This AUTHORISATION AGREEMENT ("AGREEMENT") is made on this the 17th day of July,
2002 by and between:

A.   MR. RAMAN ROY, son of Mr. Parshotam Roy, residing at B-74, Sarvodaya
     Enclave, New Delhi 110067 (hereinafter referred to as "ROY" or "RAMAN ROY"
     which expression shall unless it be repugnant to the context be deemed to
     include his legal representatives, executors, administrators and permitted
     assigns); and

B.   WIPRO LIMITED, a company incorporated under the Companies Act ,1956,,
     having its registered office at Doddakannelli, Sarjapur Road, Bangalore 560
     035, (hereinafter referred to as "WIPRO" which expression shall unless it
     be repugnant to the context be deemed to include its successors, and
     permitted assigns).

Each of Roy and WIPRO shall be referred to herein as a "PARTY" and jointly as
the "PARTIES".


RECITALS

A.   Spectramind eServices Private Limited ("COMPANY") is engaged in the
     business of remote processing activities and has set up a remote processing
     centre at Okhla, New Delhi.

B.   ChrysCapital I, LLC, Mauritius ("CHRYSCAPITAL'), Housing Development and
     Finance Corporation Limited ("HDFC"), Raman Roy and the Spectramind
     Limited, Bermuda had entered into a Shareholders' Agreement dated as of
     March 15, 2000 (the "OLD SHAREHOLDERS' AGREEMENT") in relation to
     investments in the Spectramind Limited, Bermuda, Spectramind Limited,
     Mauritius and the Company.

C    ChrysCapital, HDFC, Raman Roy, WIPRO, Spectramind Limited, Mauritius,
     Spectramind Limited, Bremuda and the Company had entered into another
     Shareholders Agreement dated as of October 18, 2001 ("PRESENT SHAREHOLDERS
     AGREEMENT") which superceded and replaced in its entirety the Old
     Shareholders Agreement.

D.   ChrysCapital, HDFC, Mr.

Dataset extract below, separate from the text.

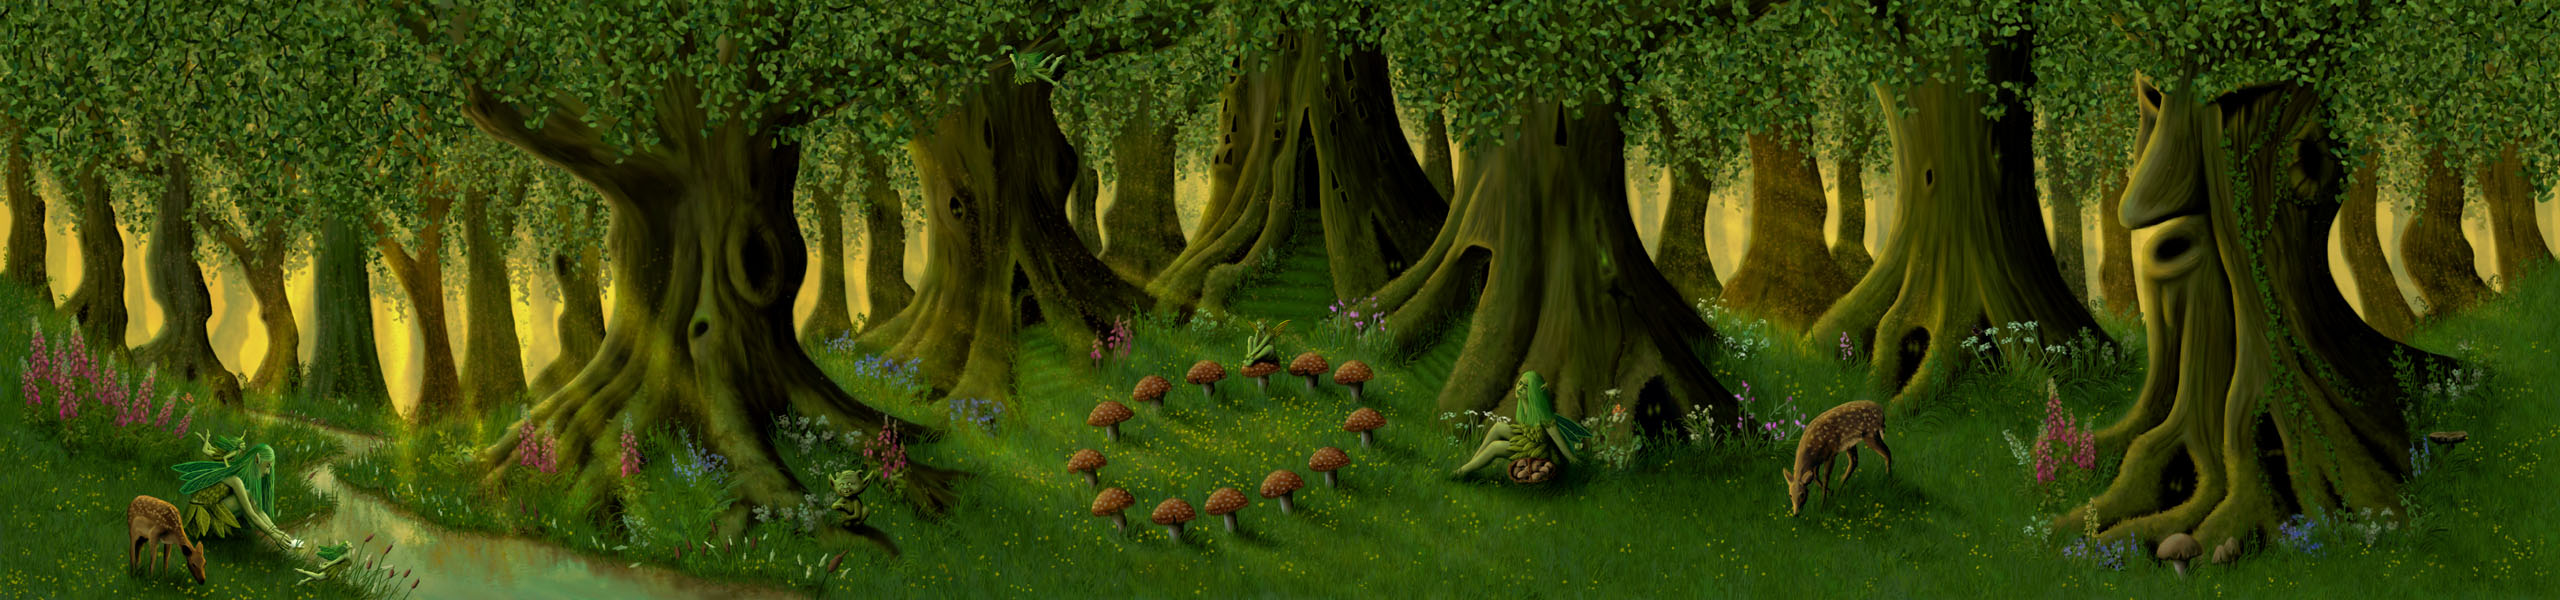 Faerie Woodland Fantasy Illustration

Raman Roy, WIPRO, American Express Travel Related
     Services Company, Inc ("AMEX"), Spectramind Limited, Mauritius, Spectramind
     Limited, Bermuda and the Company had entered into a Modified Shareholders
     Agreement dated as of 12th February, 2002 which partly amended the Present
     Shareholders Agreement ("MODIFIED SHAREHOLDERS AGREEMENT").

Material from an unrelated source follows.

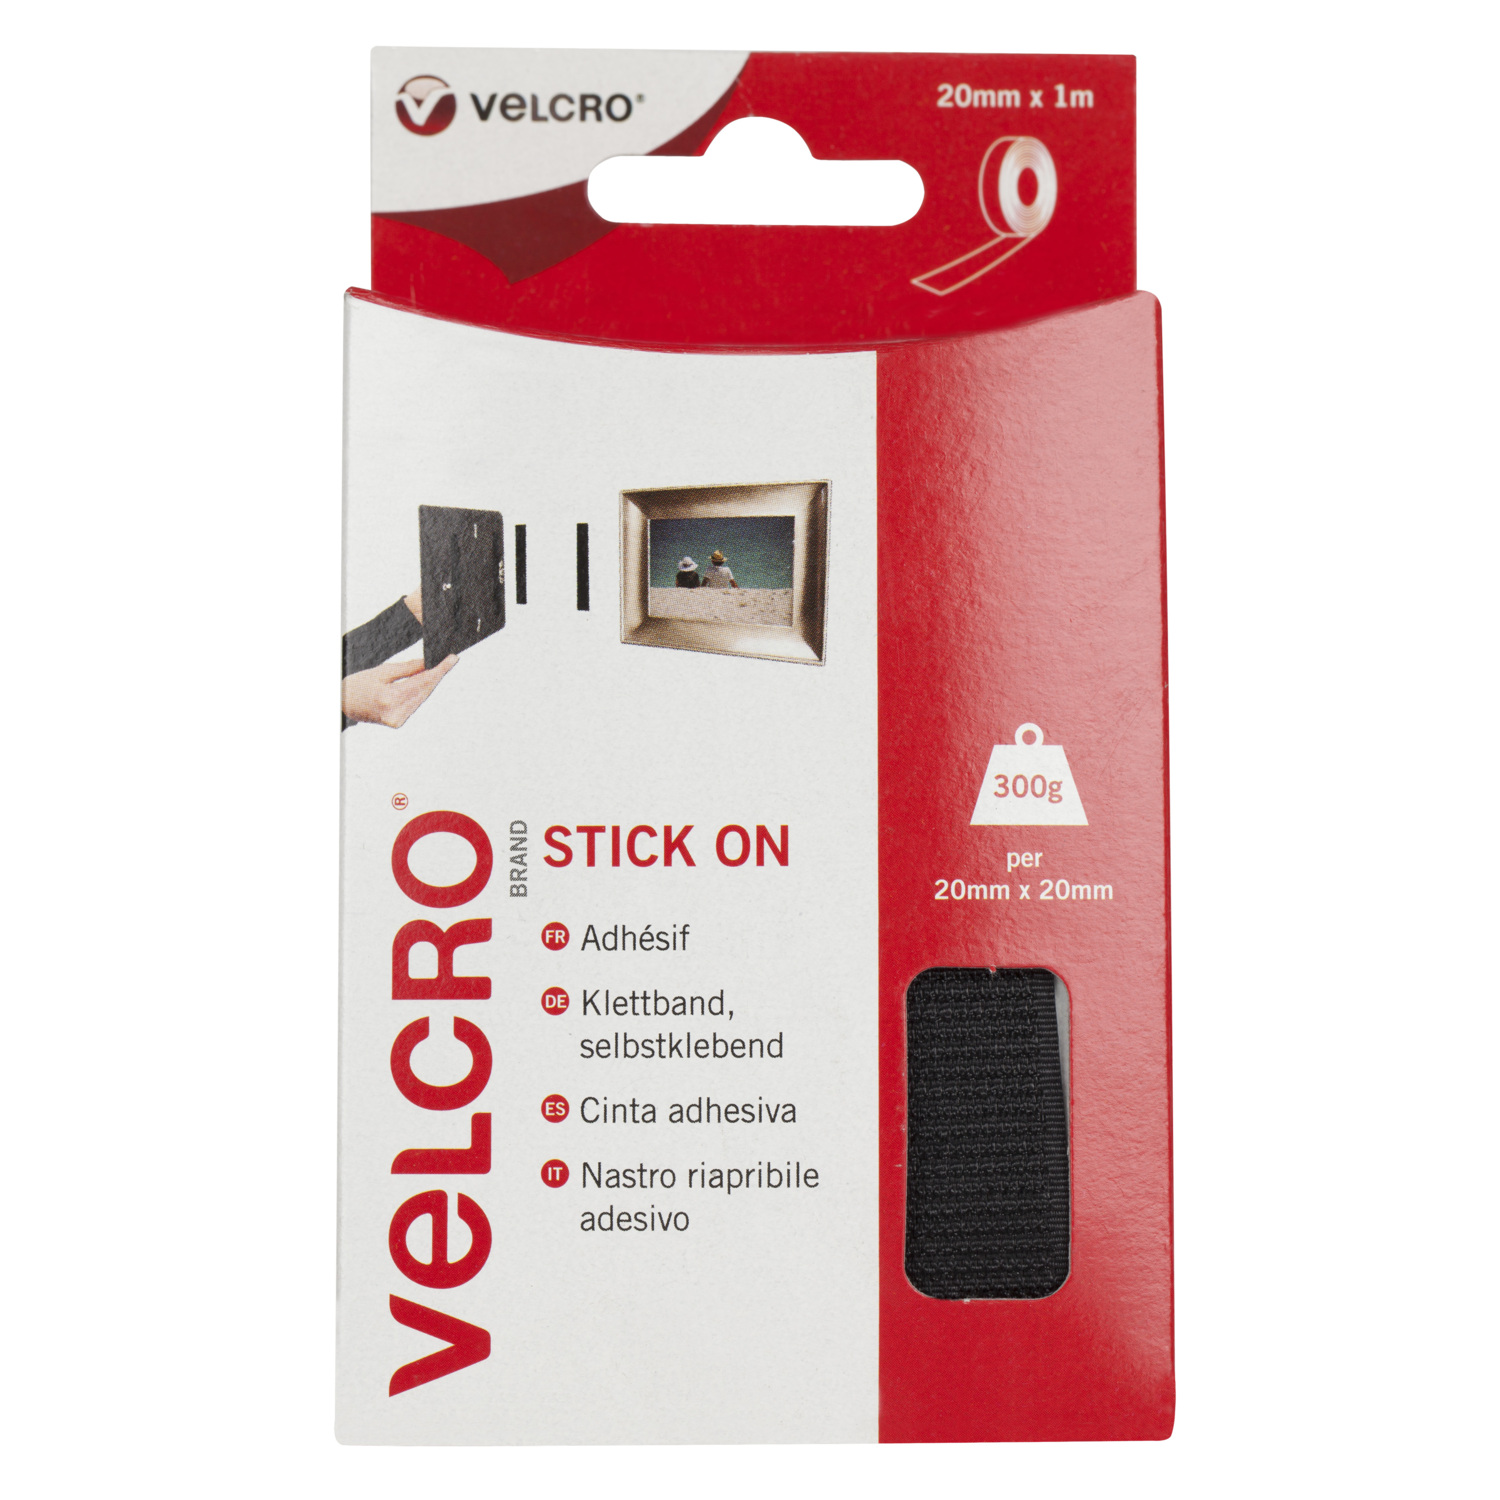 VELCRO Brand Stick-On Tape Strips - Black Image

E.   WIPRO intends to purchase the shares, warrants and shares arising out of
     exercised options held by employees of the Company as listed in Schedule 1
     (each member being an "EMPLOYEE" and collectively "EMPLOYEES") who have
     acquired the shares arising out of exercised options pursuant to their
     respective Stock Option Agreement entered into with the Company as modified
     by their respective Modified Stock Option Agreement dated July 15, 2002
     with respect of the grant of options to the relevant employee under the
     employee stock option scheme of the Company.

F.   WIPRO wishes to enter into a Securities Sale and Purchase Agreement ("SPA")
     with each of the Employees and have arrived at an understanding with Roy,
     who is the Managing Director of the Company, for facilitating the same as
     per the terms set out herein.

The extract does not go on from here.